Planning a New Home/FAQs
Financial & Legal Information
PURCHASE AGREEMENT OR BUILDING CONTRACT
The purchase agreement or building contract is an agreement, which sets out the mutual obligations
between the purchaser and the builder. To be valid, any verbal understandings or agreements that lead
up to the contract signing should be documented in the contract. Unless they appear in writing,
verbal agreements are not part of the contract. As the Purchaser, you're obligated to pay for and take
possession of the home you have contracted for upon its completion. The Builder is obligated to construct
the home according to your contractual specifications and to complete the transfer of title. The Purchase
Price is the agreed upon price of your new home (and lot if applicable) plus GST less the GST Rebate
granted by the federal government to new home buyers plus any adjustments. The Purchase Price also
includes any agreed to changes in the plans and specifications at the time of the contract signing.
Adjustments to the Purchase Price are normal added costs associated with the purchase of a new home.
These can include: Legal Fees, Title Transfer Costs, Mortgage Application Fees, Interest Costs during
construction and at Interest Adjustment Dates, and Taxes and supplemental taxes. Builders have their own
policies on how Adjustments are handled.
- Read any pre-printed standard clauses
- Know and stipulate what the builder is to supply and install
- Determine exactly what the purchase price includes
- Do not sign in haste
- Ensure you fully understand all aspects of the contract
- Ensure the contract accurately reflects your wishes
- Have your lawyer review the wording and your obligations
Your Mortgage Lender will provide you with a letter of commitment regarding your mortgage
arrangements. This details the specifics of your loan, interest rate adjustments, and adjustment dates.
There are many different ways to approach your mortgage arrangements.

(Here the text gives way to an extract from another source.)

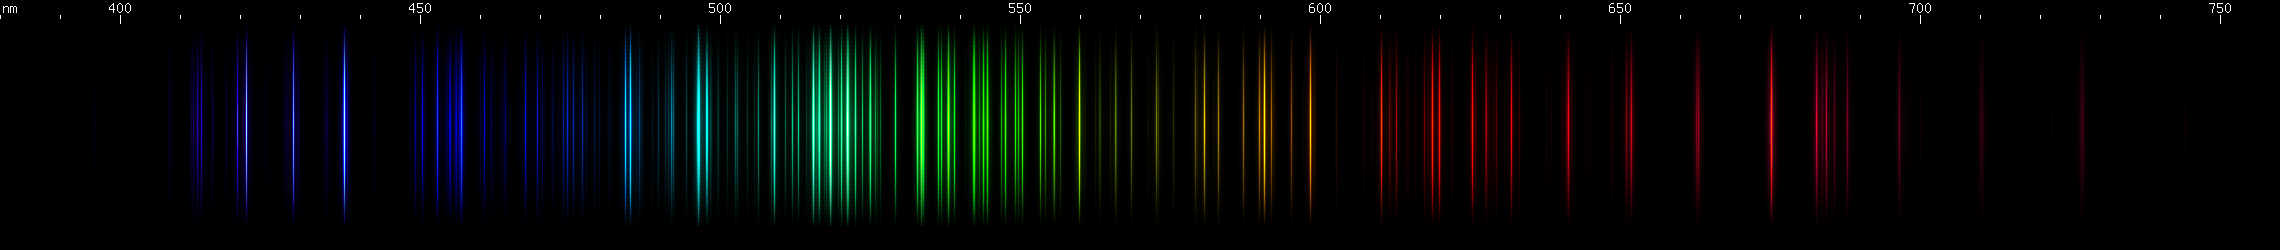 Spectral lines of Rhodium.
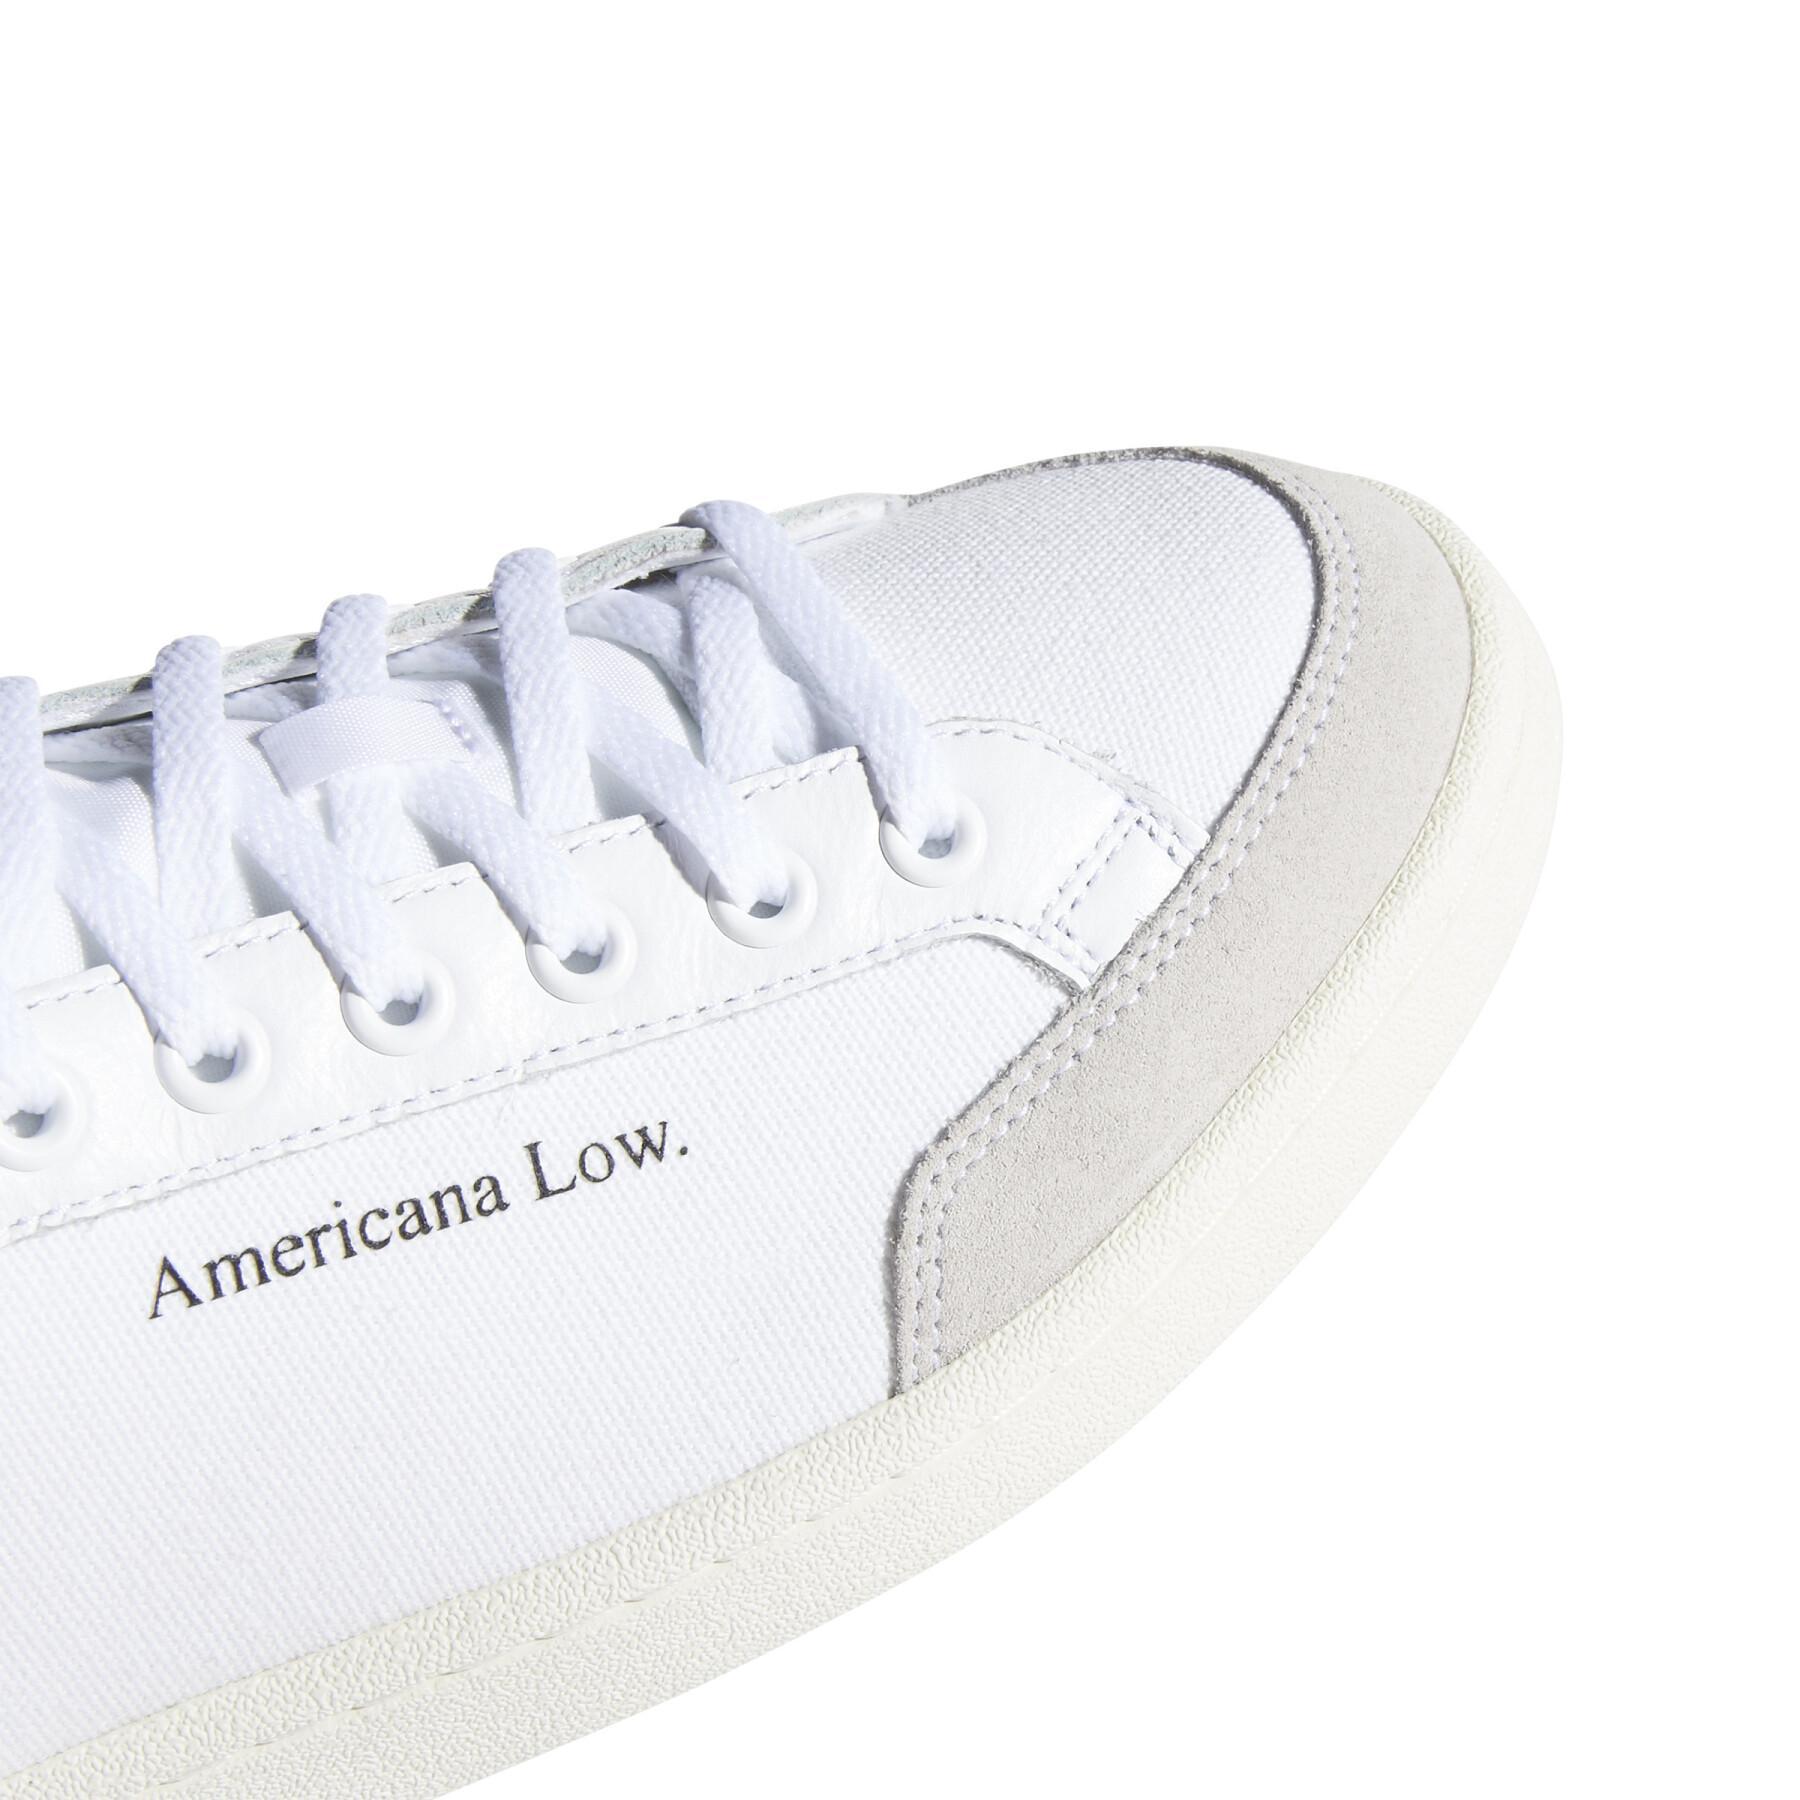 Tränare adidas Originals Americana Low

This will depend on your personal financial situation and your ability to find the best terms
available at the time. One of the most common and beneficial features is a "capped
rate". This generally guarantees that your mortgage rate will not go up even if interest
rates have generally increased at the time of closing, but will go down if they have decreased.
An experienced mortgage officer should be capable of answering any mortgage questions that you might have.